Борис Изюмский - Дальние снега
Он приказал одеть себя, снова спустился вниз, но увидел у дверей гвардейцев. Они скрестили штыки, загородив генералиссимусу выход. Расшвырять их, на коня и — во дворец? Но такое делать нельзя — даст козырь в руки врагам.
…Меншиков возвратился и торопливо стал сжигать бумаги о незаконных сделках. Нервно елозил щипцами по решетке камина.
Дарья сказала:
— Я поеду к императору, к Остерману…
Меншиков не возразил — пусть едет. Самая тяжелая ясность лучше неизвестности. Он еще выплывет. Судьба не в силах его обмануть, счастье — изменить. Были у него в жизни глубокие ямы — выбирался же из них!
…Васька Долгорукий, председатель комиссии для исследования всех похищений и подлогов по провиантской части, пришел в токарню царя доложить о «хищении Меншиковым казенных интересов». К счастью, Меншиков в это время тоже вошел в токарню, сразу смекнув, в чем дело, бросился в ноги Петру:
— Защити от злодеев, что хотят погубить! Взыщи милостью!

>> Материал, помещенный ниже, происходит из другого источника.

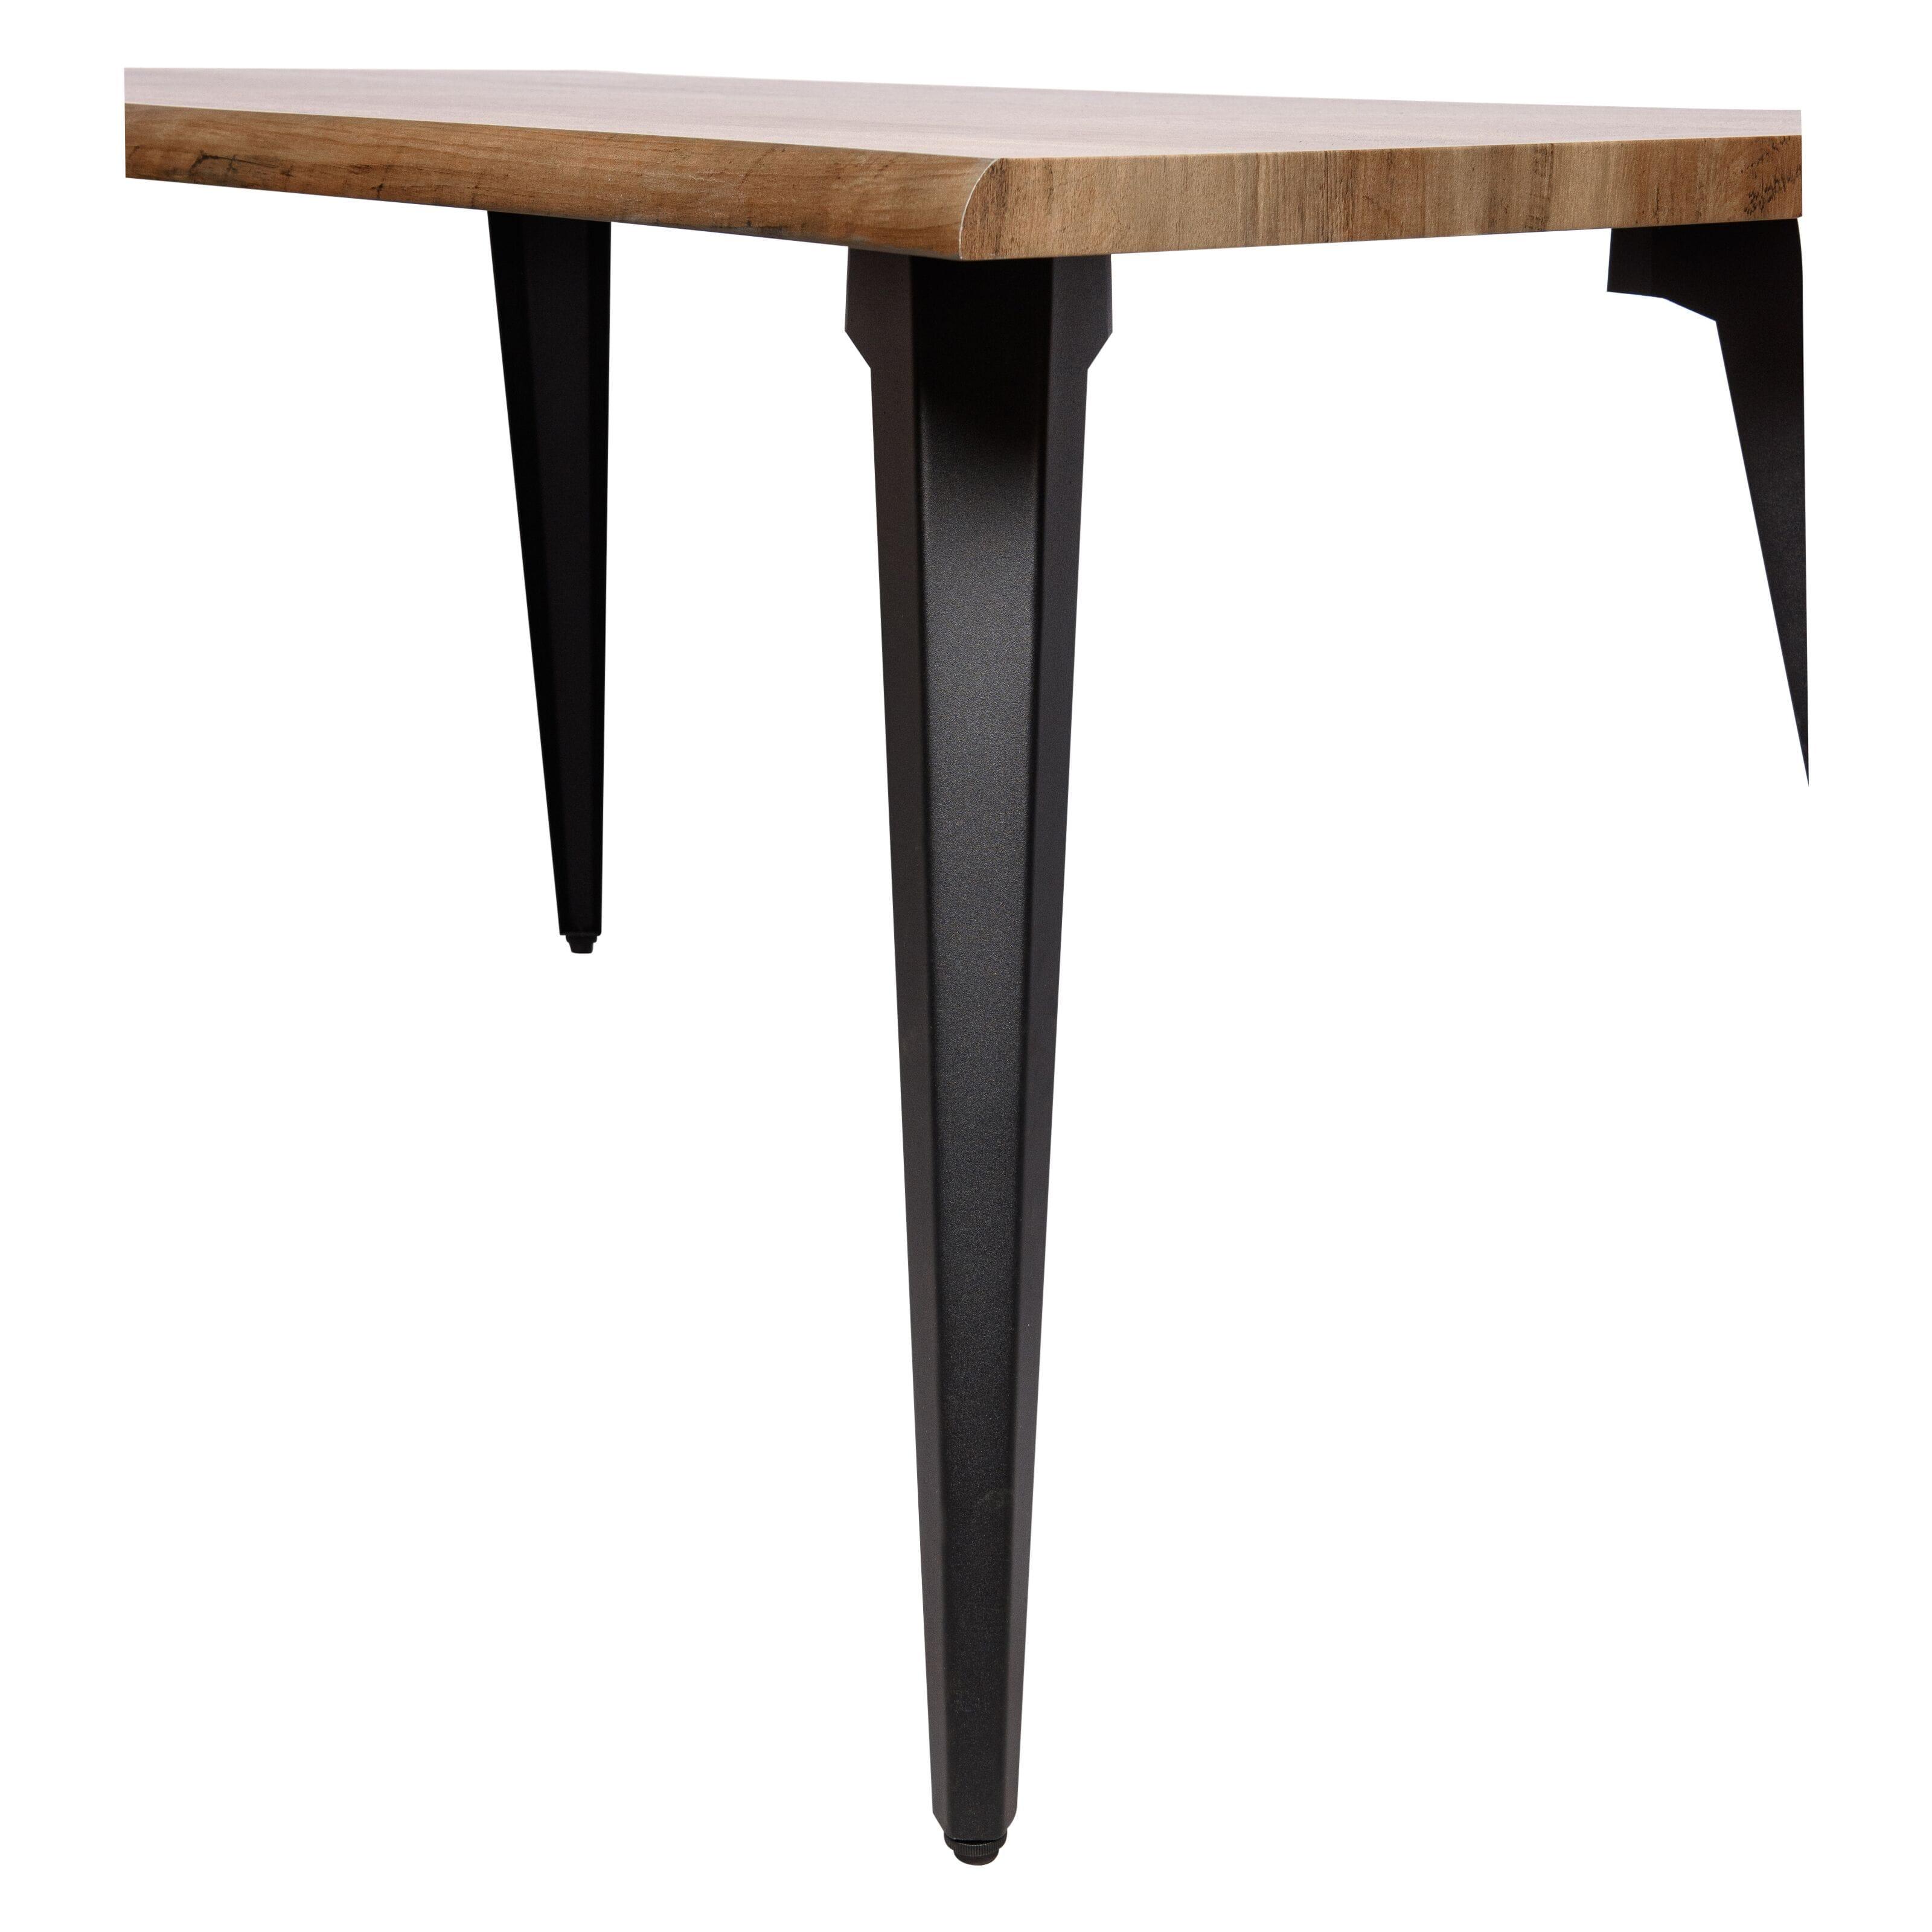 Ravenna Dark Brown Modern Rectangular Wood 63 Dining Table W Metal Legs By Leisuremod

Царь, помедлив, сказал Долгорукому:
— Отнеси дело к себе. Я займусь оным в другое время.
А позже удалось светлейшему отправить Ваську для управления в Польшу, ввести его в опалу, подбросив царю навет, мол, был Долгорукий в сговоре с царевичем Алексеем и поучал того: «Давай на бумаге хоть тысячу отречений от наследства. Ты умнее отца жестокосердного…»

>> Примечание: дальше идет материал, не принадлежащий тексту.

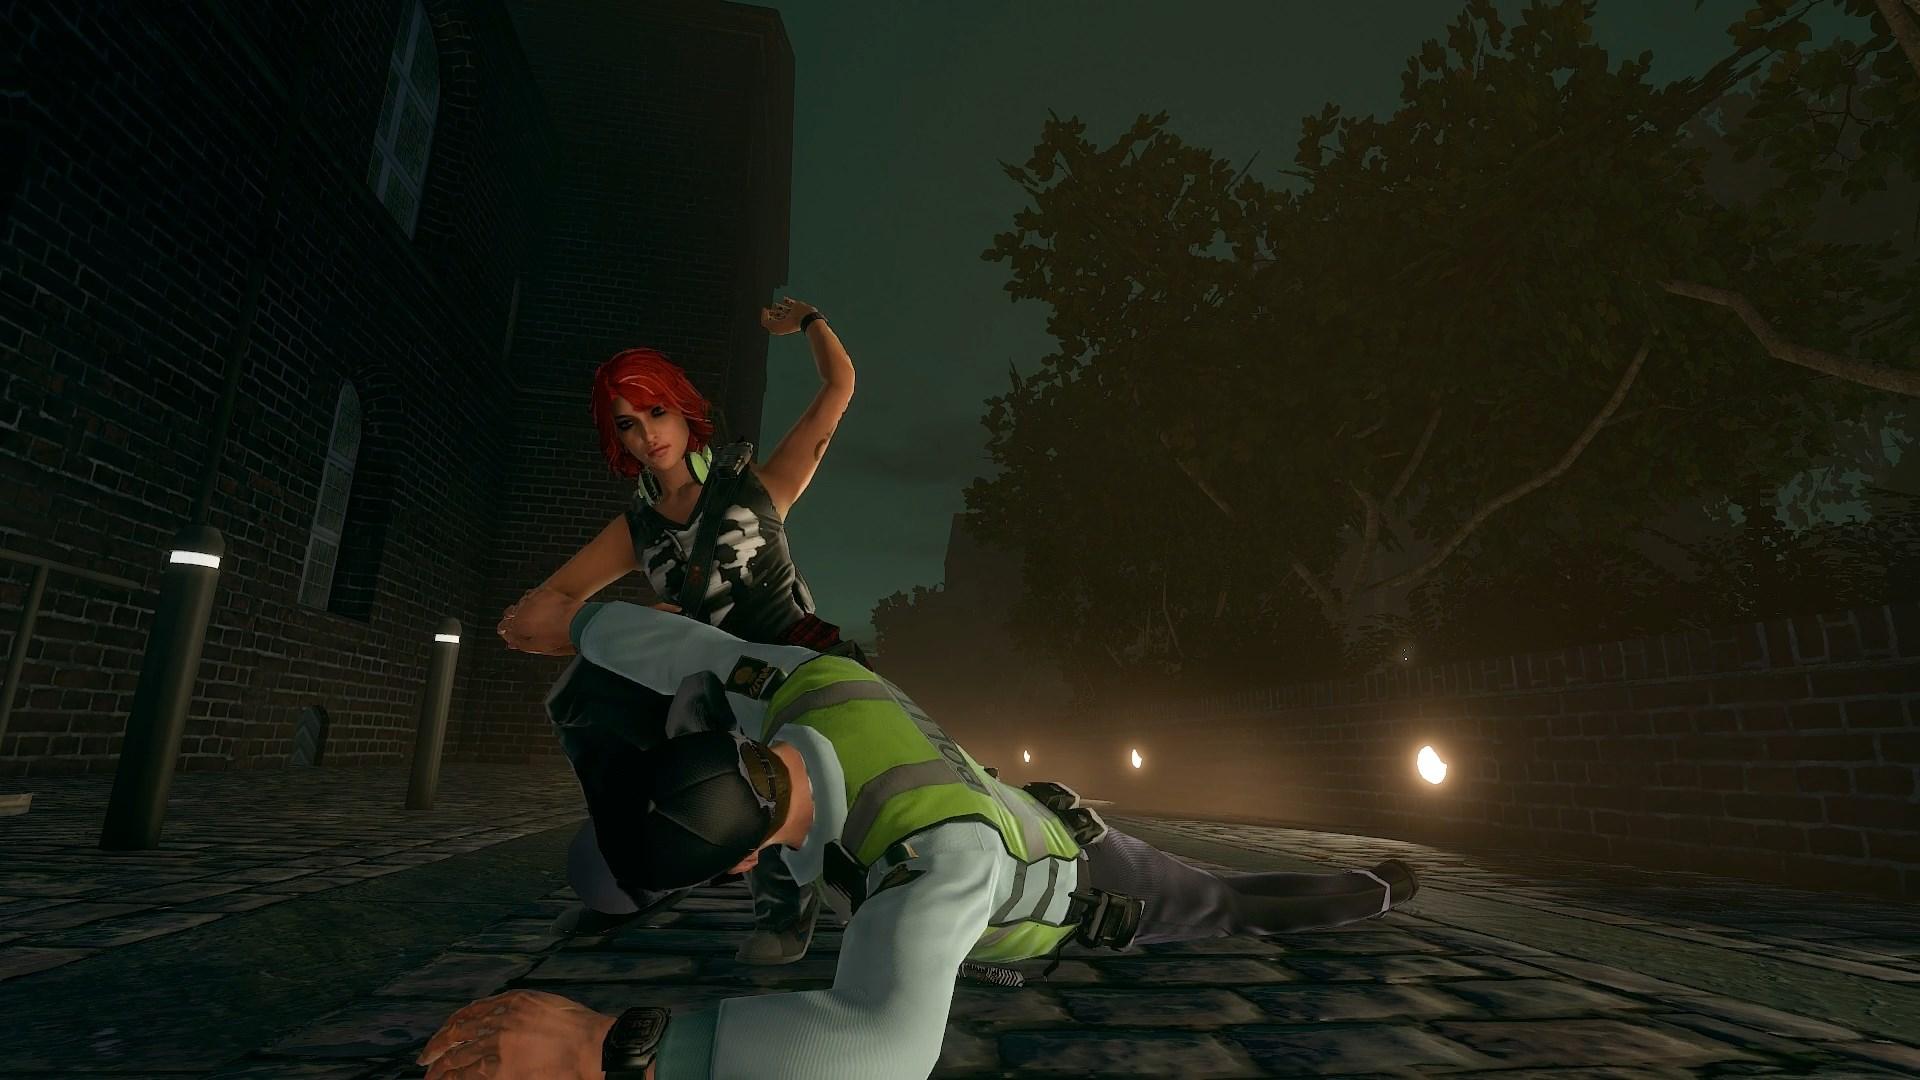 Clandestine Screenshot 3

Царь арестовал Ваську, лишил деревень, сослал в Казань. Только через семь лет вернул ему шпагу.
Теперь, не иначе, на его добро Васька зарится.
Александр Данилович подошел к высокому венецианскому окну. Какой ныне день? Пятница. День рождения богородицы. Яковлев напишет в повседневный дневник: «Пасморно. Дождь с перемешкою».
На дворе темень. Где-то крики: «Караул!» Сзывает на помощь трещотка. Кого звать ему? Голицыных? Апраксина с Головкиным? Но ведь сам от них отшатнулся.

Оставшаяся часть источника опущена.